Comment by weinzierl

10 hours ago

"its fine to ship bugs because the agents will fix them so quickly and at a scale humans can't do!"

Hmm, I agree with the point OP is making, but I'm not so sure this is the best supporting argument. The bottleneck is finding the bugs and if he'd criticized people saying AI will be the panacea to that I'd be with him, but people saying agents are fast and good at fixing human found bugs is nothing I'd object to.

Agents are fixing bugs so quickly and at a scale humans can't do already.

9 comments

weinzierl

lolc 10 hours ago

> Agents are fixing bugs so quickly and at a scale humans can't do already.

The metric is how many defects are introduced per defect fixed. Being fast is bad if this ratio is above one.

babarock 10 hours ago

The tweet is criticizing over-reliance on the "agents will fix it anyway".

The fact that we can fix things faster now doesn't mean that we should throw away caution and prevention.
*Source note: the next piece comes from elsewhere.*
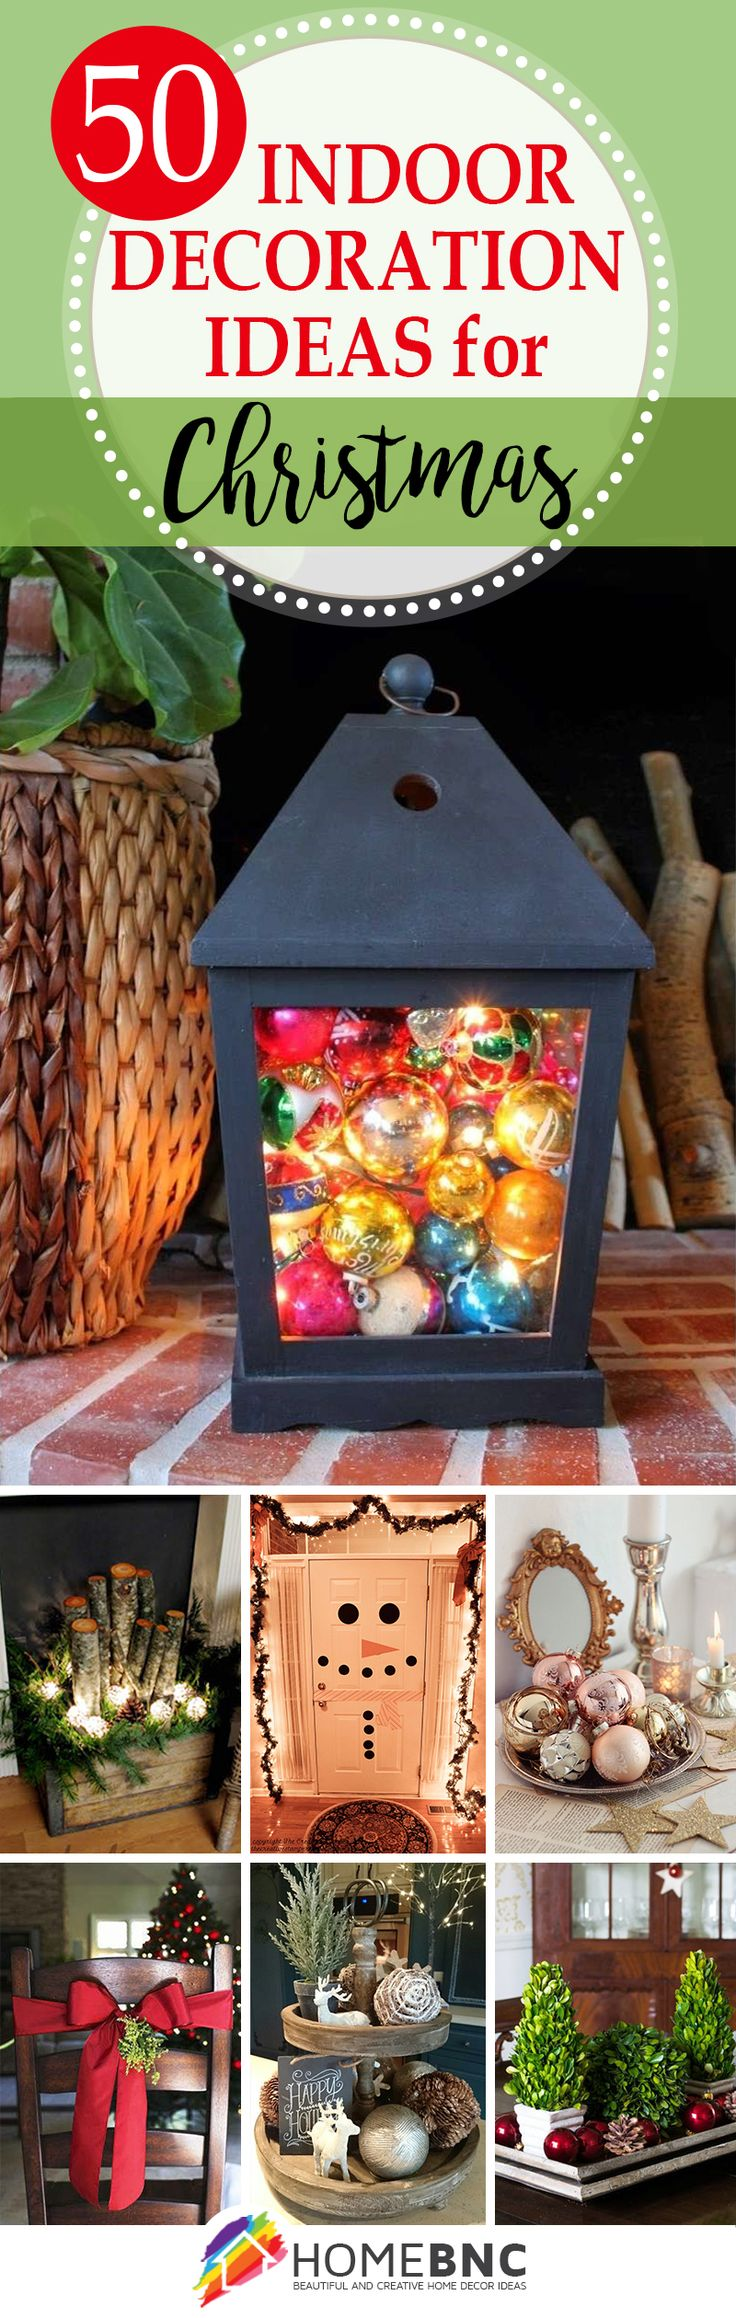 best 25 indoor christmas decorations ideas only on pinterest diy xmas decorations diy. Black Bedroom Furniture Sets. Home Design Ideas

The specific point of his tweet is that we're seeing a lot of people starting to skip proper release engineering.

Agents are quick to fix bugs, yes, but it doesn't mean that users will tolerate software that gets completely broken after each new feature is introduced and takes a certain number of days to heal each time.

zamalek 3 hours ago

> Agents are fixing bugs so quickly and at a scale humans can't do already.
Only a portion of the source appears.